Today’s mortgage and refinance rates
Average mortgage rates fell significantly yesterday. That’s four consecutive working days of falls. And they are now exceptionally low; not a million miles from their all-time low.
And they may not be over yet. Because, judging by the early activity in key markets, these falls could be slowing rather than stopping. And today’s mortgage rates look likely to drop slightly. But, overnight, the markets were showing a slight uptick, so things are far from stable and could change over the hours.
Find and Lock in a Low Rate (Jul 21, 2021)
Current mortgage and refinance rates
Find and Lock in a Low Rate (Jul 21, 2021)
COVID-19 Mortgage Updates: Mortgage Lenders Change Rates and Rules Due to COVID-19. To see the latest information on the impact of the coronavirus on your home loan, click here.
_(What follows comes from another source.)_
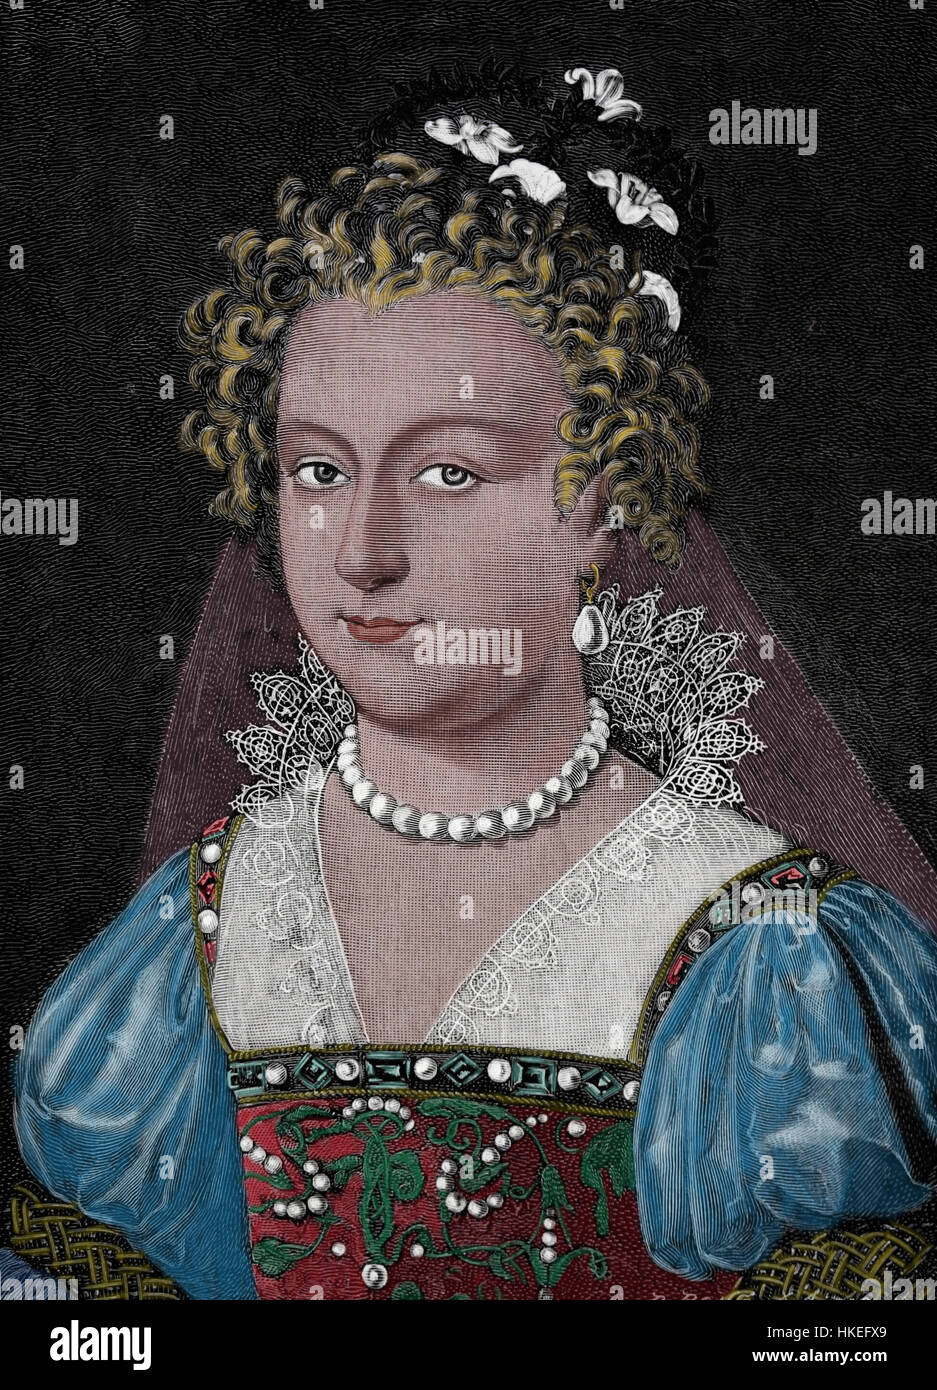 Isabel I de Inglaterra (1533-1603). Reina de Inglaterra e Irlanda. Dinastía Tudor. Grabado del siglo XIX. Foto de stock
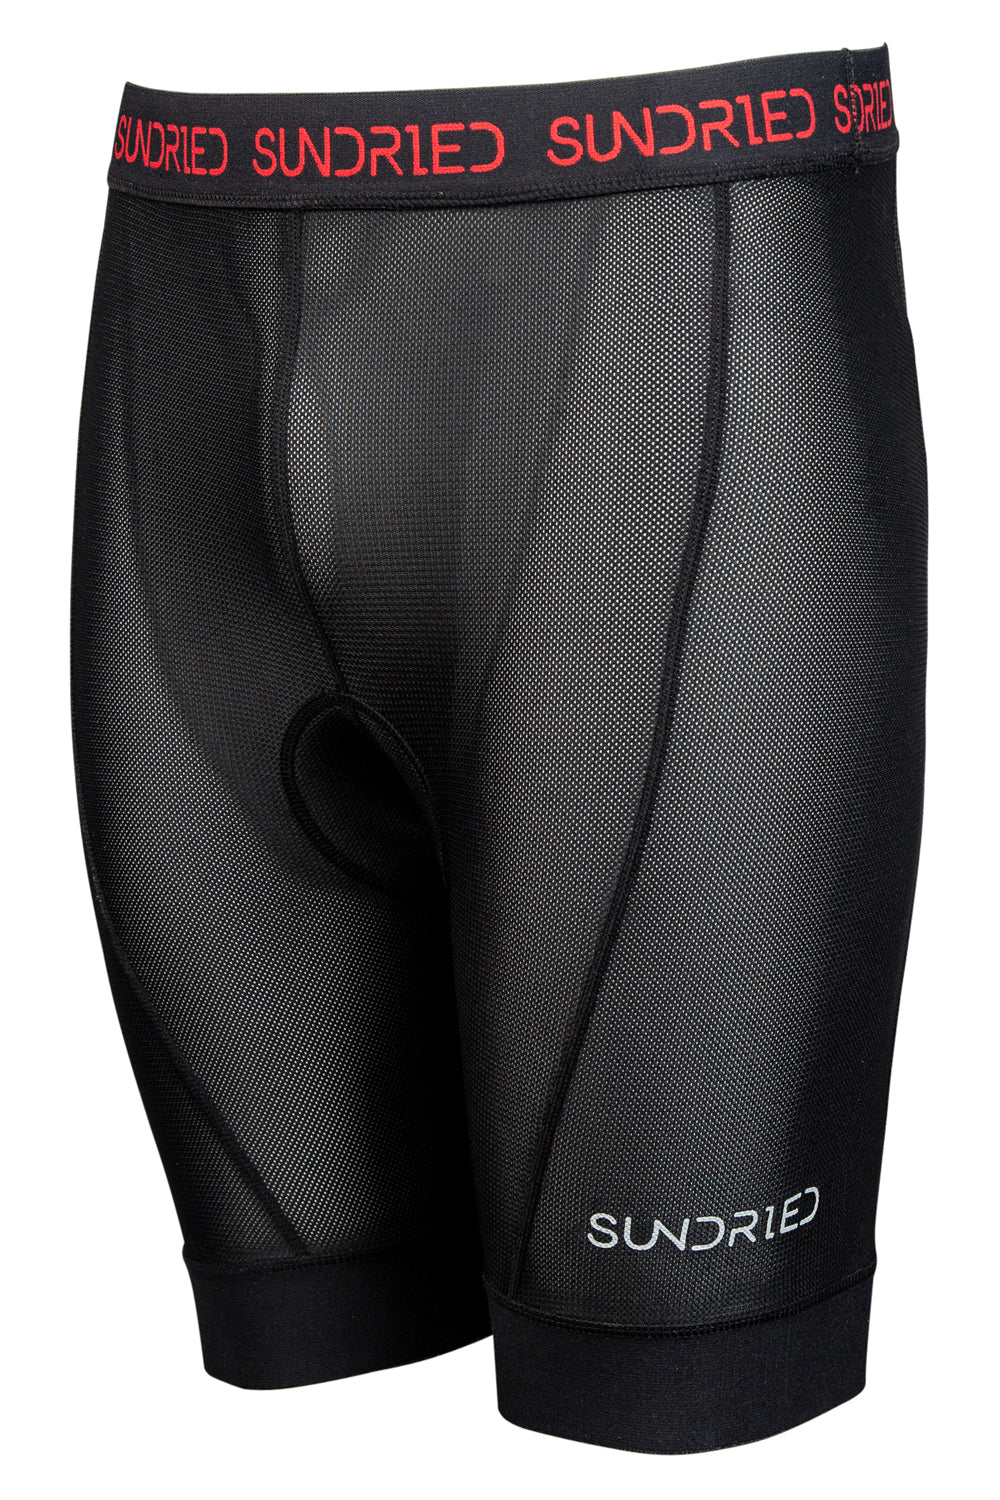 Sundried Men's Cycle Padded Boxer Shorts Shorts Activewear

Should you lock a mortgage rate today?
Read on to find out why mortgage rates are currently so unpredictable. Unfortunately, this makes both locking and floating risky.
Those of us who predicted higher mortgage rates (virtually all experts and observers) have so far been completely wrong. But just because we’ve misinterpreted the timing doesn’t necessarily mean they won’t increase soon. And, as long as the forces that should drive these rates up remain strong, I must stick to my long-held view. However, I am less confident than before.
So, although they should be interpreted in this context, my personal rate foreclosure recommendations should remain:
However, I do not claim perfect foresight. And your personal analysis could turn out as good as mine, if not better. You can therefore choose to be guided by your instincts and your personal risk tolerance.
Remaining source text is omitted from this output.